Merging datasets with different country codes with Stata

In this blog, we will see how to merge two datasets with different county code in a few simple steps. In my previous blog, I have shown how to use DBnomics with Stata. This time, we use the dbnomics package to import the newly Financial Development index built by the International Monetary Fund (https://db.nomics.world/IMF/FDI)

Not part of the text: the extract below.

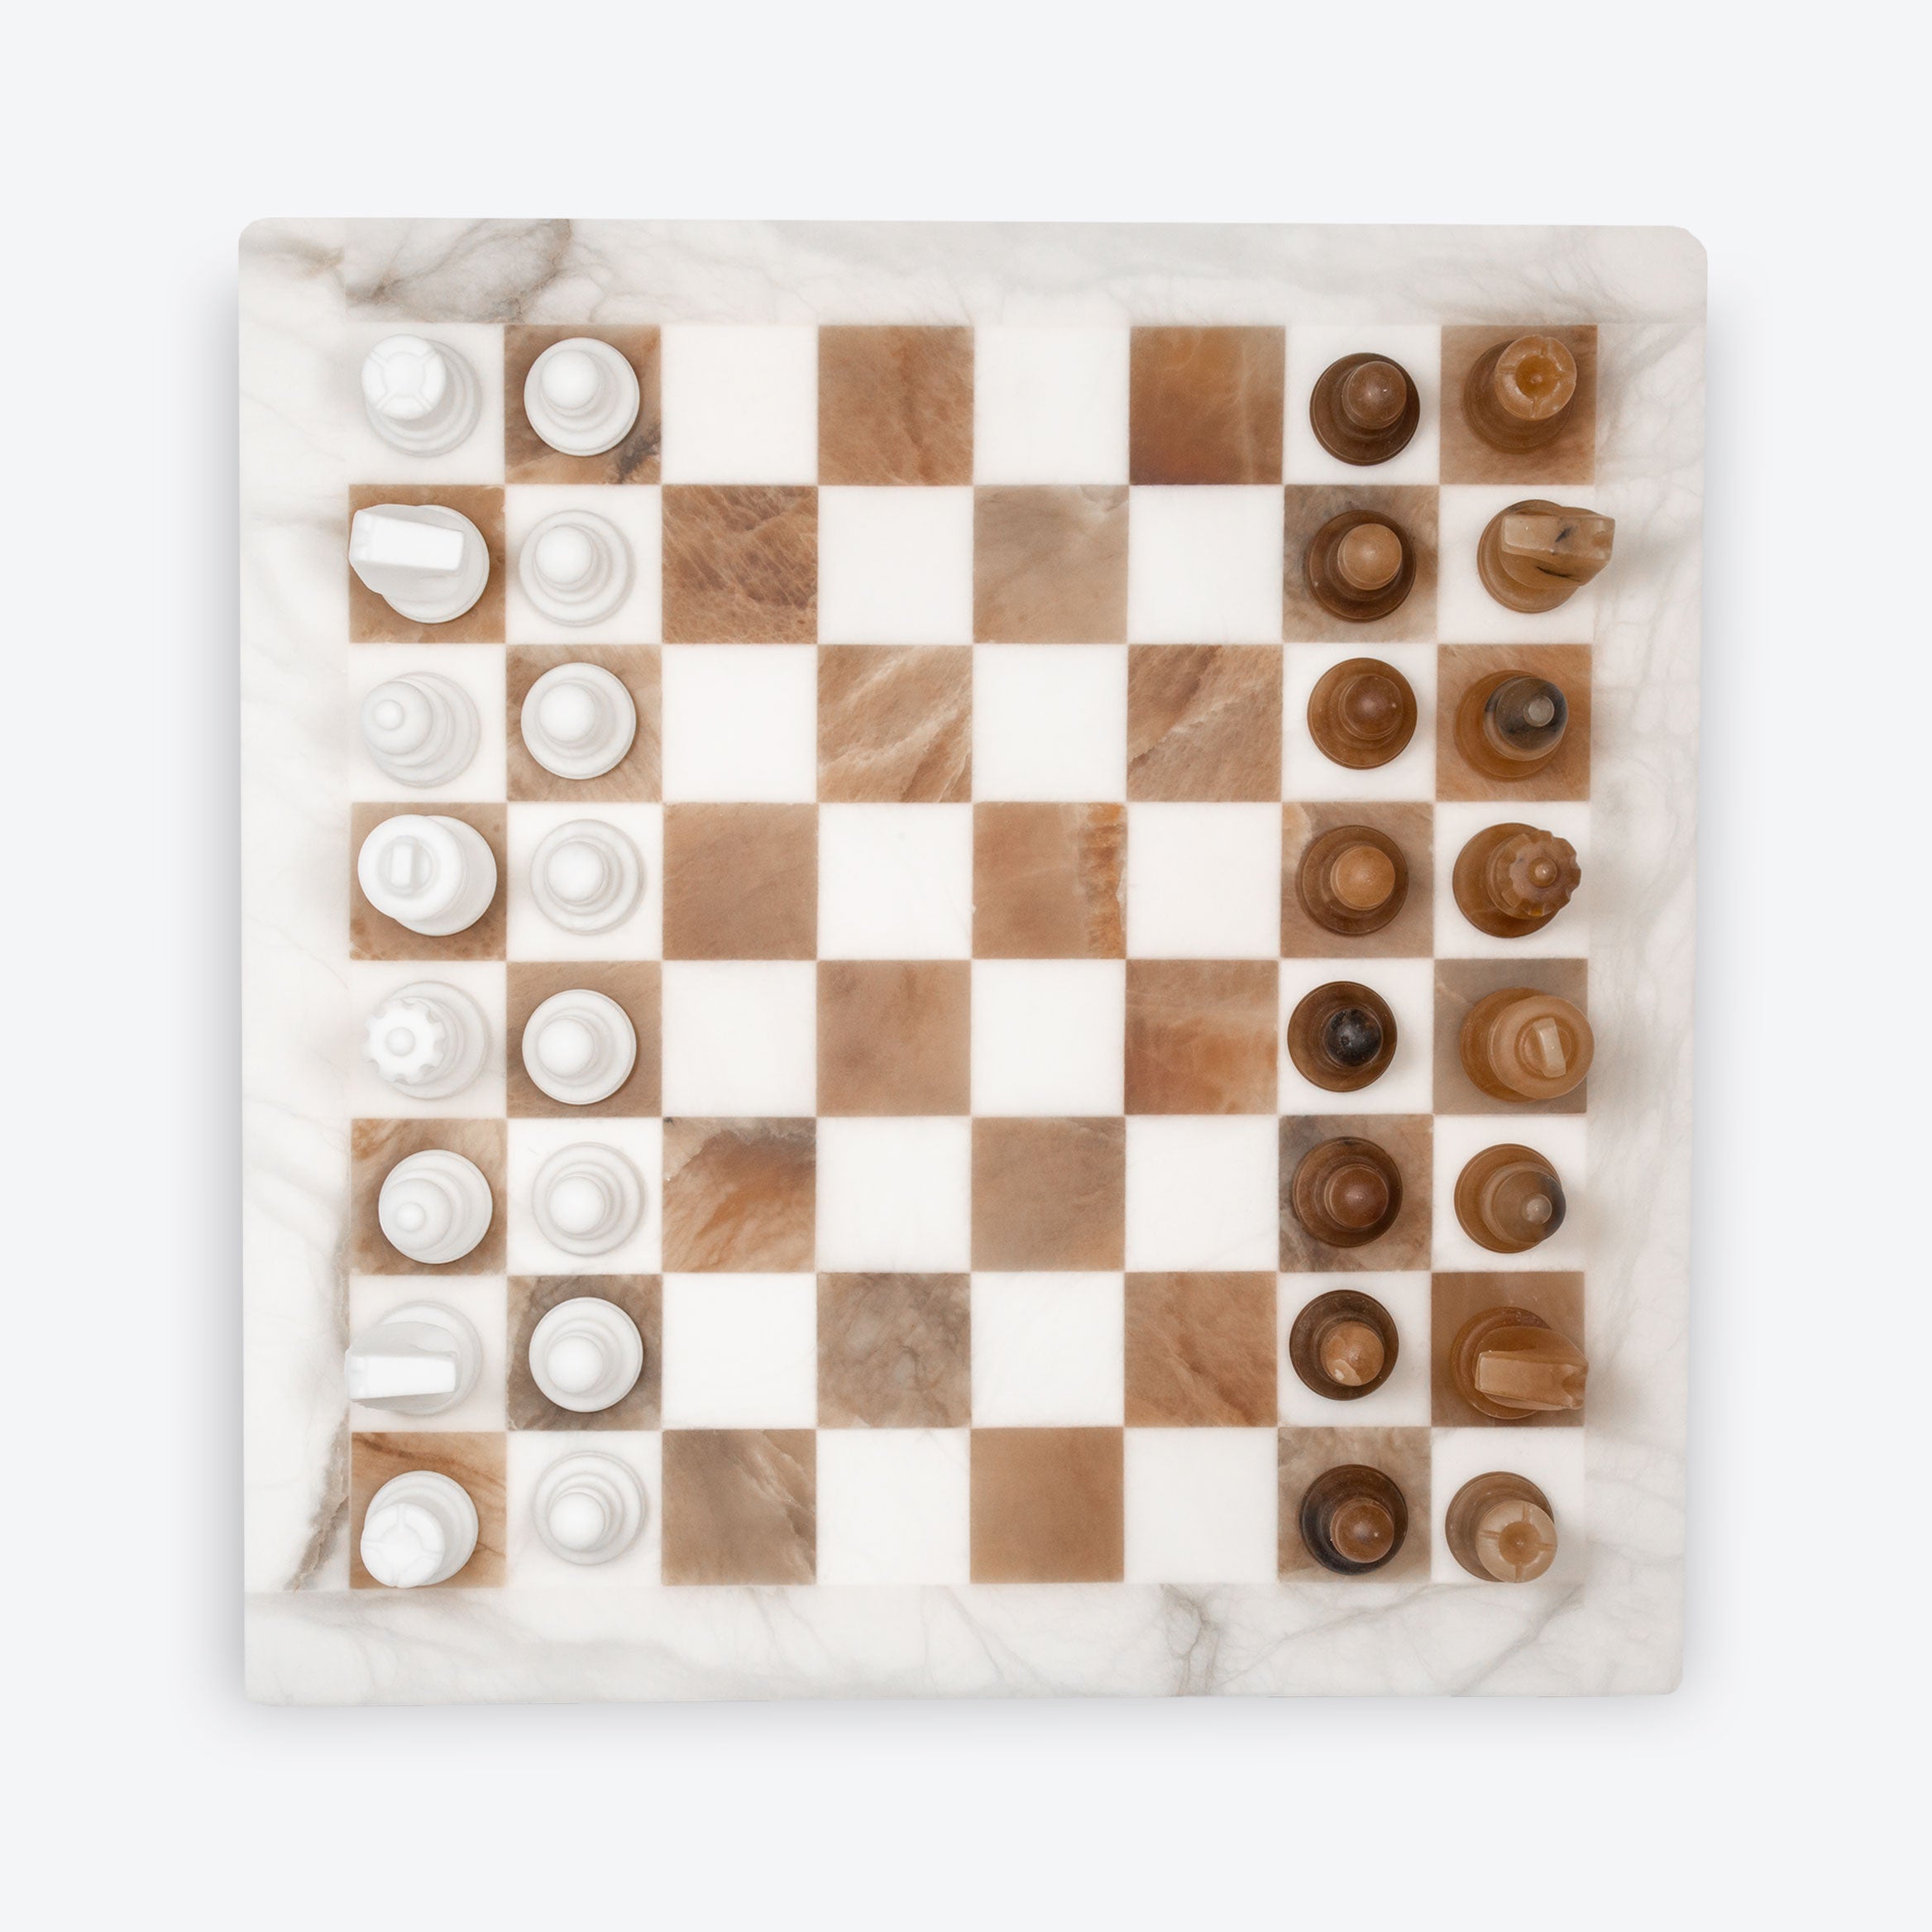 Scali Alabastro Alabaster Stone Chess Set - Nero Bruno, Gallantoro

(A) In a first step, I download the kountry package and the Financial Development Index

cd "C:\Users\jamel\Dropbox\stata\"
cd "blog\kountry"

ssc install kountry

dbnomics data, pr(IMF) d(FDI) clear

dbnomics import, pr(IMF) d(FDI) ///
sdmx(A..FD_FD_IX) clear

You can see that the series use a two-digit country code, AM is for Armenia and AO is for Angola

I remove the unnecessary information in the following

drop period_start_day frequency dataset_code ///
dataset_name freq indicator indexed_at provider_code ///
series_code series_num

However, the “series_name” variable is not in a very convenient format

I split the “series_names” variable with the parse command, which is quite useful. I found the symbol “–” in the “series_names” variable

split series_name, parse(–)

The “series_names” variable is now split into three components and I will use the information in the “series_name2” variable

Now, I remove some information and I save the data in the current directory

order series_name2 ref_area period value ///
series_name1 series_name3, first

drop series_name series_name1 series_name3 

encode series_name2, generate(country)

drop series_name2

order country ref_area, first

rename value fd

drop if period<=2000
drop if period>=2021


save fd, replace

(B) In a second step, I will use the World Bank’s cross-country database of fiscal space as an example of a dataset with other formats for the country codes

https://www.worldbank.org/en/research/brief/fiscal-space

(C) The last step before merging the datasets is to use a country list where you have selected a sample of countries and periods. Here, I have a sample of 110 countries observed during 20 years from 2001 to 2020

(D) The last step is to use the kountry package to decode the country code and produce standardized country names in the three datasets. I start the country list that use three-digit codes (option iso3c)

use country-list, clear
rename year period
kountry countrycode, from(iso3c)
save country-list-k, replace

Now, I decode the country codes for the Financial Development Index (option iso2c)

use fd.dta, clear
kountry ref_area, from(iso2c)
save fd-k, replace

I merge the two previous datasets, the name of the Master file comes after “use” and the name of the Using file comes after ‘using’. I can see that the data has been merged except for one country. There are no data for the Financial Development Indicator for Iraq

use country-list-k, clear
merge 1:1 NAMES_STD period using fd-k
drop if _merge==2
drop _merge
save country-list-fd, replace

Now, I will keep the general government gross debt in the fiscal space database and decode the IFS country code with the option “imfn”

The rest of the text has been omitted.